### Problem description
Write out the lines below exactly, beginning at the one with "Auto Auction Ended" and stopping after the one with "komercny webhosting"; the pictures are not copied.

### Excerpted data
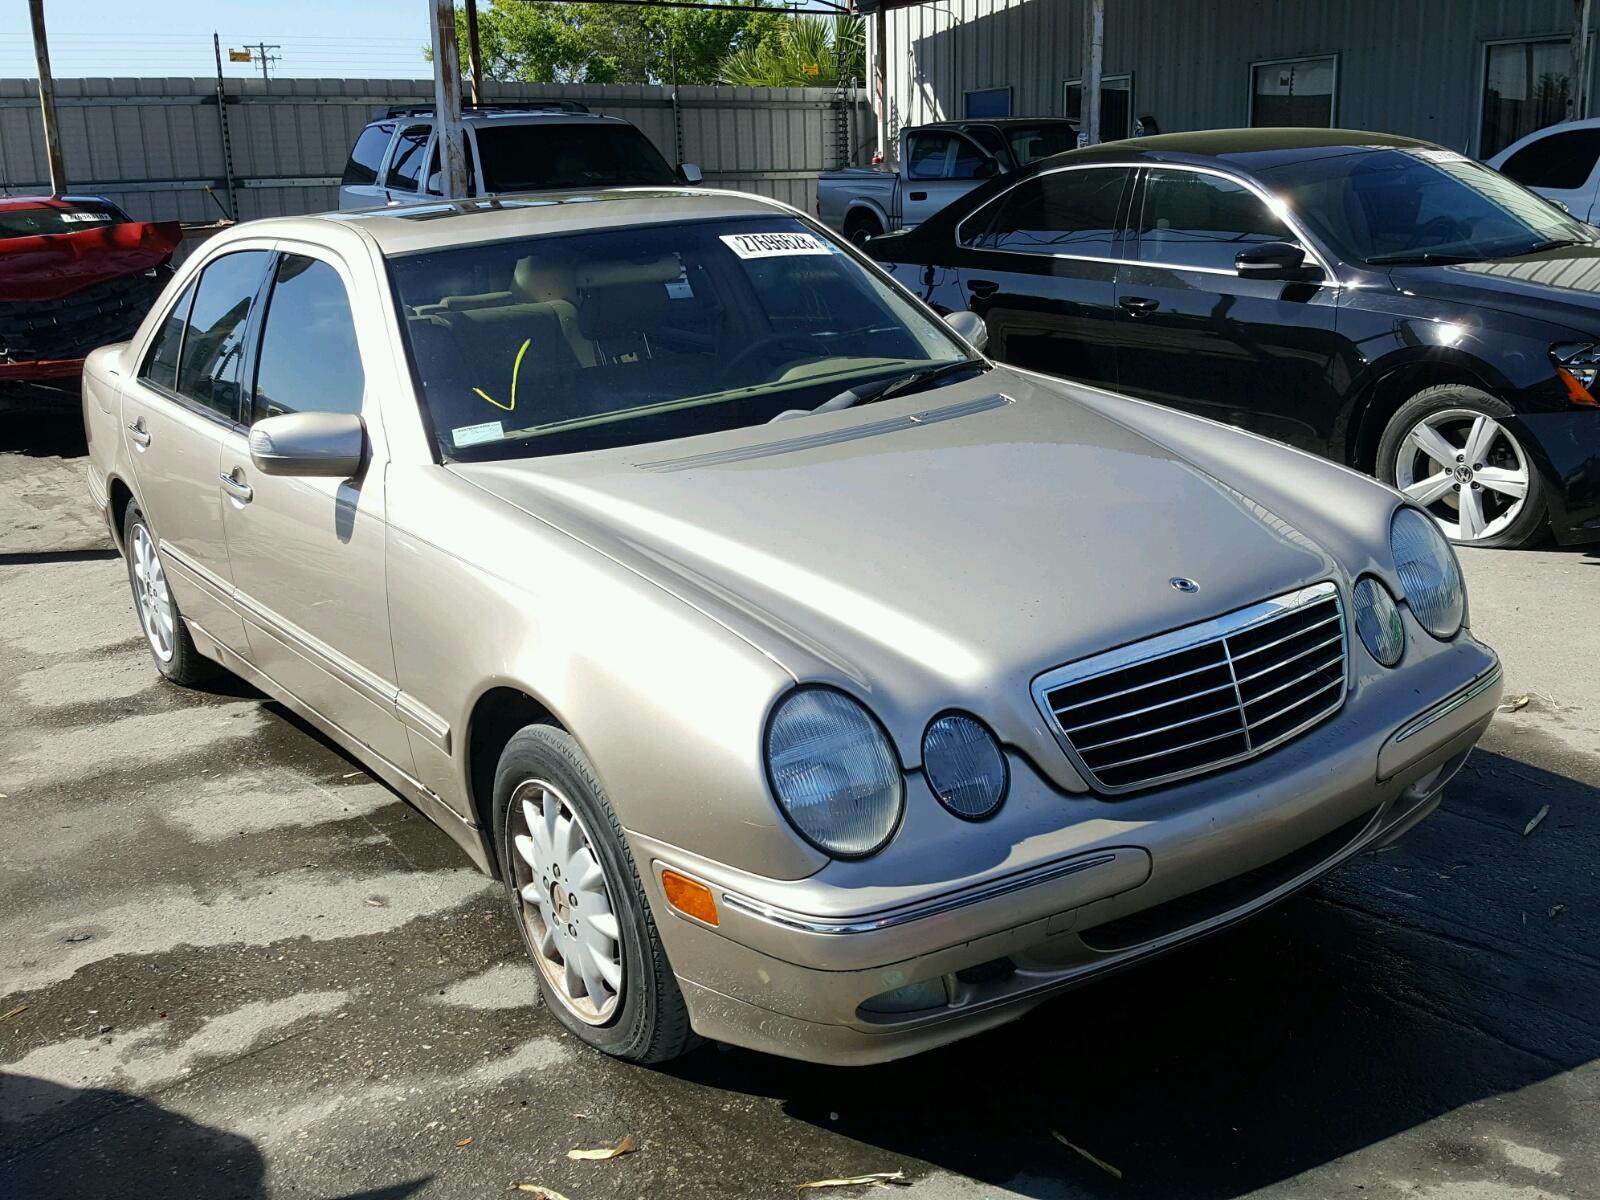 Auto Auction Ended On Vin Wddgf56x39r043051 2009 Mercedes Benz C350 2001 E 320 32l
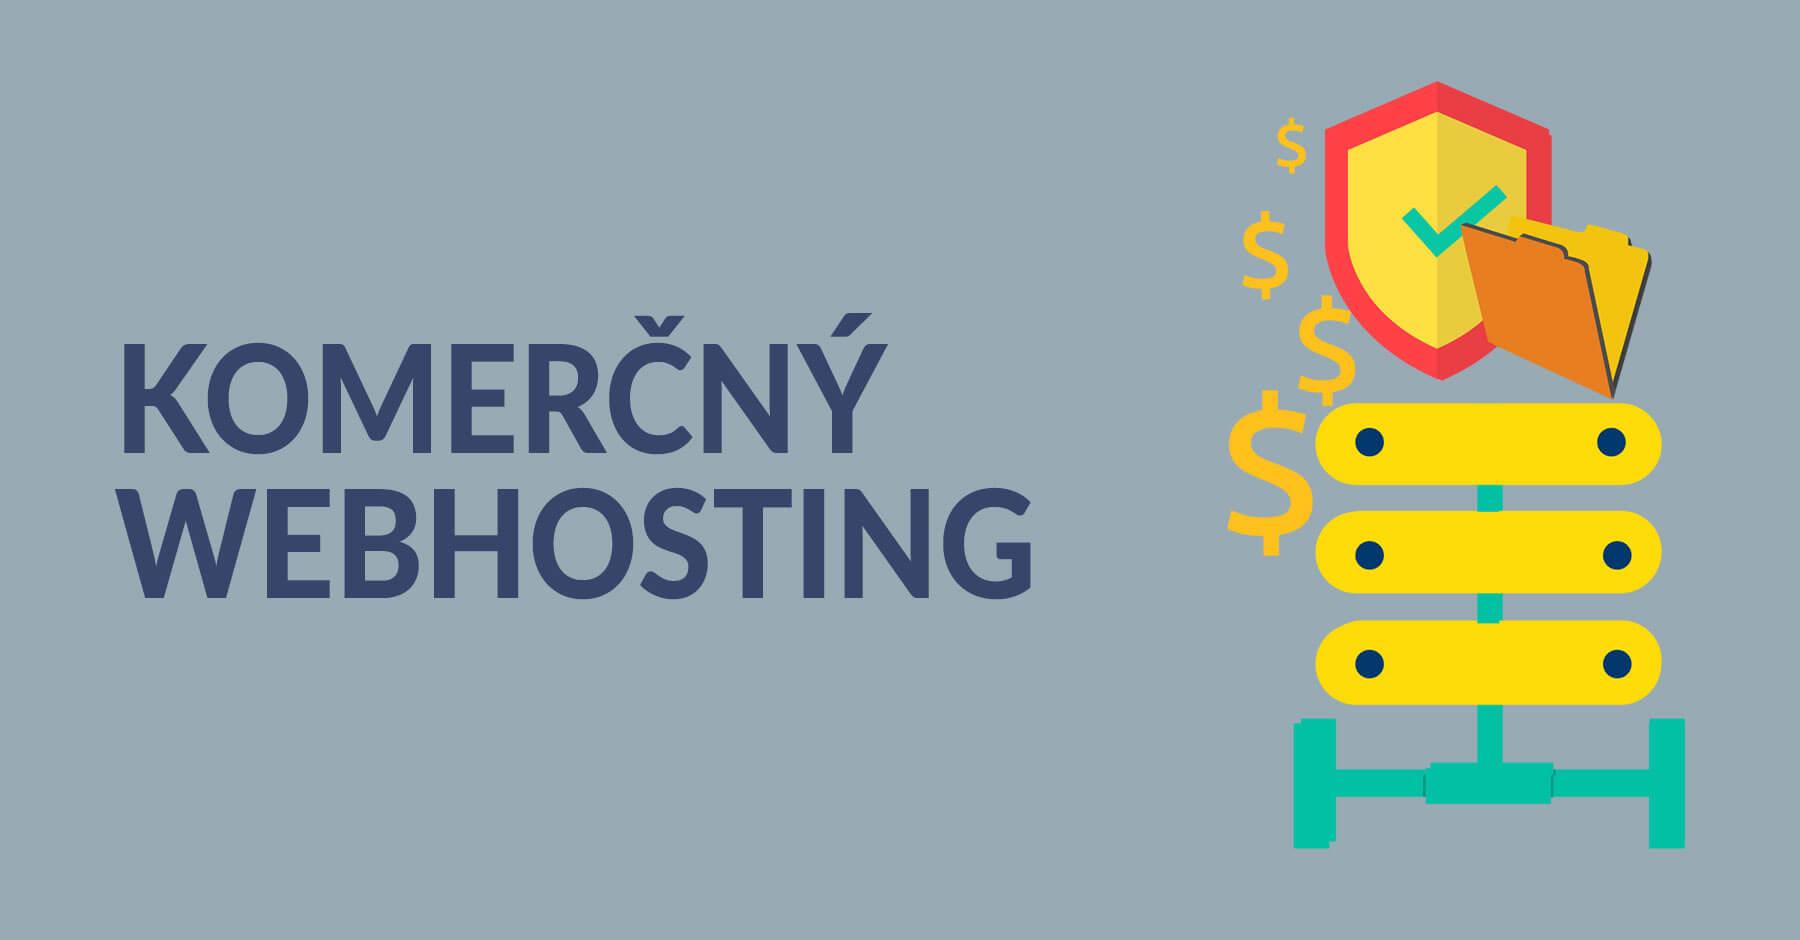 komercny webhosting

==

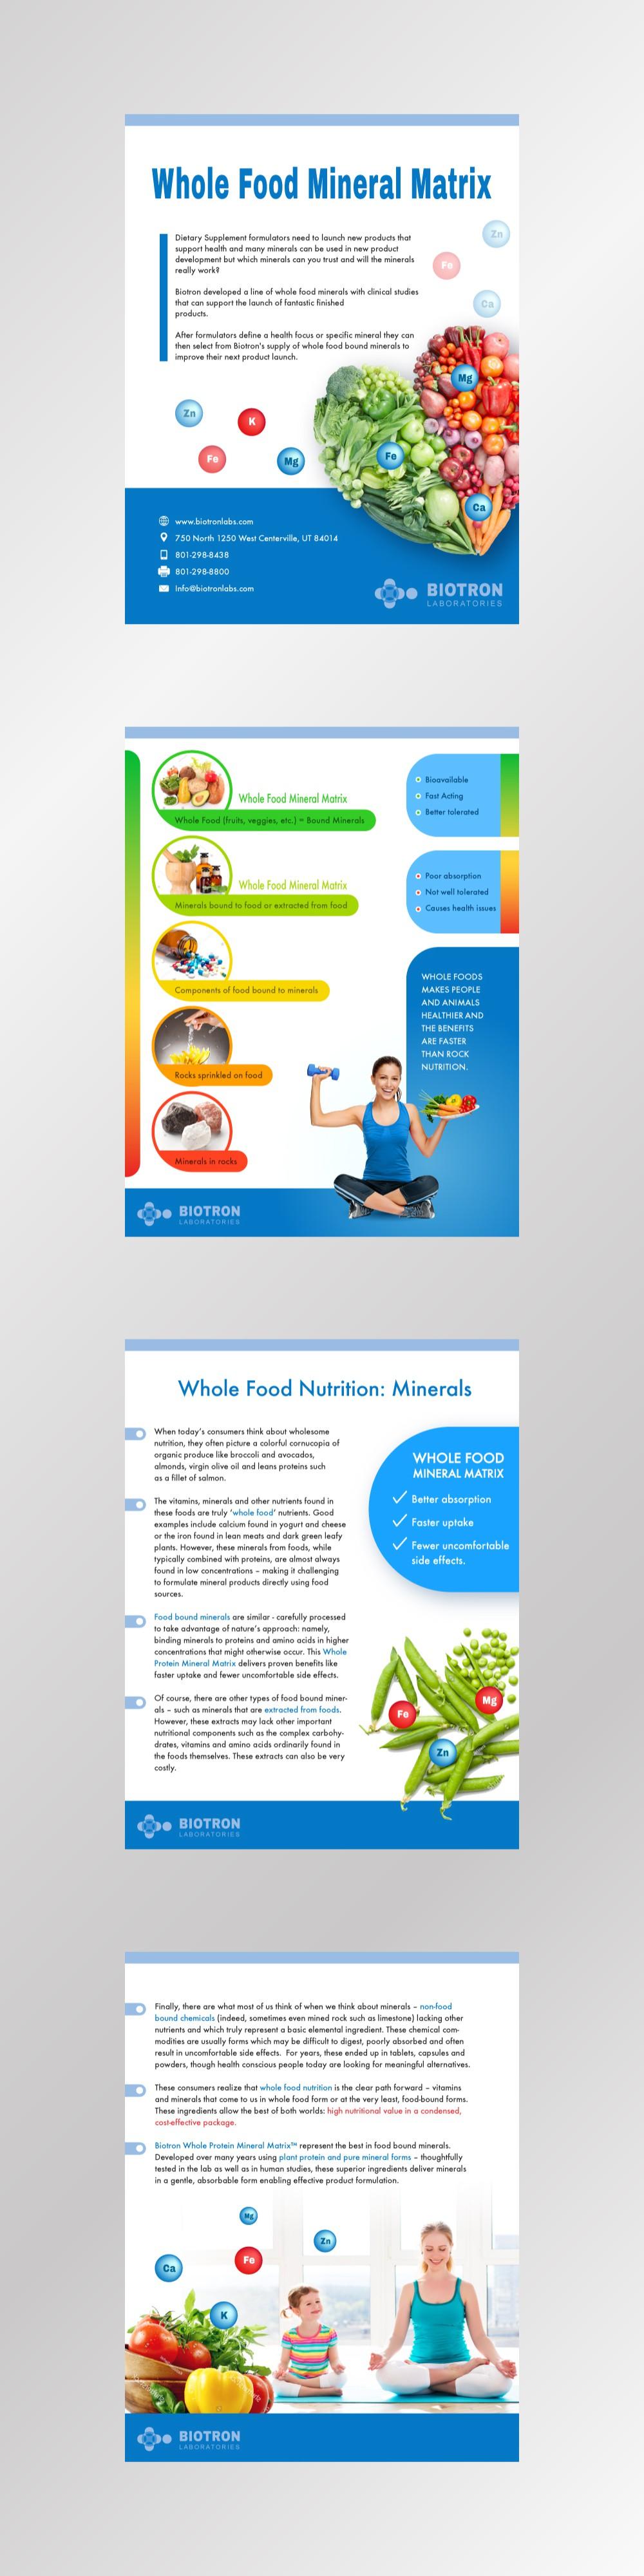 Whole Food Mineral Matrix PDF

### Answer box
 Auto Auction Ended On Vin Wddgf56x39r043051 2009 Mercedes Benz C350 2001 E 320 32l
 komercny webhosting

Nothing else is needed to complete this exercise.